21 Şubat 2022 Pazartesi

Resûlullah Efendimiz (s.a.v.): “Sizden birinizin, her gece Kur’ân-ı Kerîm’in üçte birini okumaya gücü yetmez mi?” buyurdular. (Ashâb-ı Kirâm) “Buna kimin gücü yeter (yâ Resûlallah)” dediler. “(Kur’ân-ı Kerîm’in üçte birine muâdil olan) Kul hüvallâhü ehad’ı okuyan(ın gücü yeter).” buyurdular. (Taberânî, el-Mu’cemü’l-Evsat)

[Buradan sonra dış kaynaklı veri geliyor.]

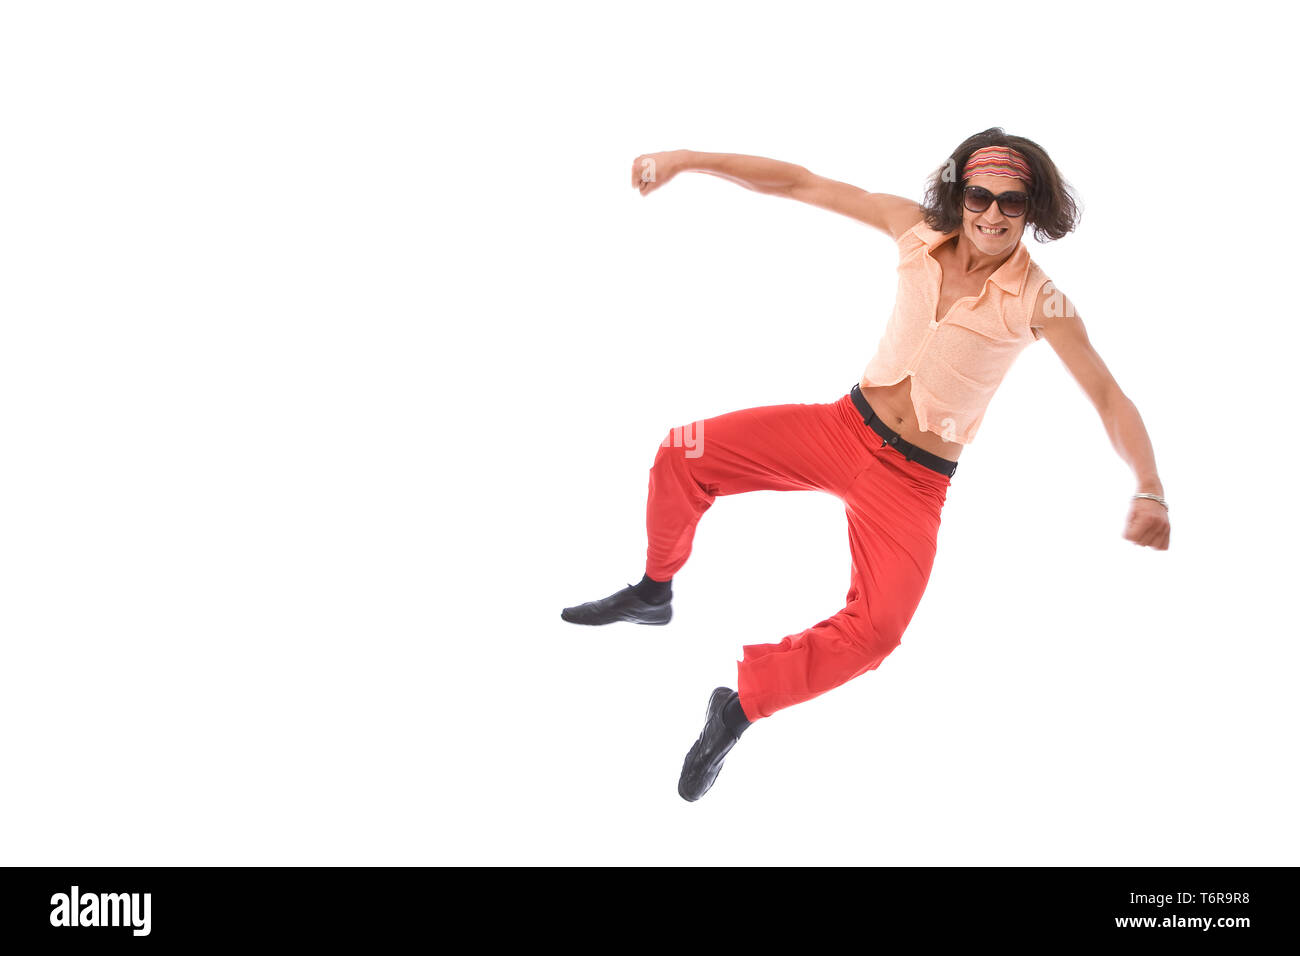 funny looking retro style man dancing on white background Stock Photo

  EFENDİMİZ (S.A.V.)’İN MERHAMETİ

Uhud’da atılan taşların isabet etmesiyle Hz. Peygamber (s.a.v.)’in mübarek yüzü kana boyandı. Bu hali ile yine Kureyşliler’in ıslahı için, “Allah’ım, kavmime hidayet ver. Çünkü onlar bilmiyorlar” duâsını ahad olan Allah (c.c.)’un dergâhına arzediyordu.
Bilinmeli ki, işkenceye sabretmek nefsin cihadıdır. Cenâb-ı Hakk nefsi, kendisine bir zarar, bir kötülük geldiği zaman rahatsız olsun ve elem çeksin diye yarattı. Bunun içindir ki, Hz. Peygamber (s.a.v.)’e bu işkence güç geldi, acı çekti fakat sabretti. Çünkü sabredenlere Cenâb-ı Hakk’ın verdiği ecir ve sevabın sonsuz olduğunu biliyordu ve işkenceye sabretmek, dayanmak, kendisine gelen bir belâ hakkında idi. İslâm dini hakkında değildi. Eğer İslâm dinini küçültüp ona ihanet, hakaret edilseydi o zaman Cenâb-ı Hakk’ın şerefli emrine uyup Kur’an-ı Kerim’deki meâlen; “Ey Peygamber, kâfirlerle, münafıklarla savaş, onlara karşı sert davran...” (Tevbe s. 73) hükmüne göre kâfir ve münafıklarla savaşır, onlara karşı sert ve şiddet gösterirdi. Kendisine gelen haksızlıklara karşı sabırlı idi.
İmâm Buhâri, Enes bin Mâlik (r.a.)’in şöyle anlattığını söylüyor: “Ben Hz. Peygamber (s.a.v.)’le gidiyordum. Resûlullah (s.a.v.)’in sırtında kenarları kalın bir aba vardı. Bir Arabî geldi ve abasına yapışıp kuvvetli çekti. Mübarek omuzunun üstünde abanın kaim kenarının geldiği yere baktım çizilmişti. Sonra Arabî, “Ya Muhammed (s.a.v.), emret, Allah (c.c.)’un malından bana versinler” dedi. Hz. Peygamber (s.a.v.) dönüp ona baktı, gülümsedi ve kendisine mal verilmesini emir buyurdu.
İşte nefsi ve malı yönünden gösterdiği bu sonsuz sabır ve fedakarlıkla, güzel ve seçkin ahlâkıyla insanları kendine bağladı, itaât ettirip İslâm’a getirdi. Zorla ve nefretle değil, isteyerek ve severek müslümanlığı kabul ettirdi.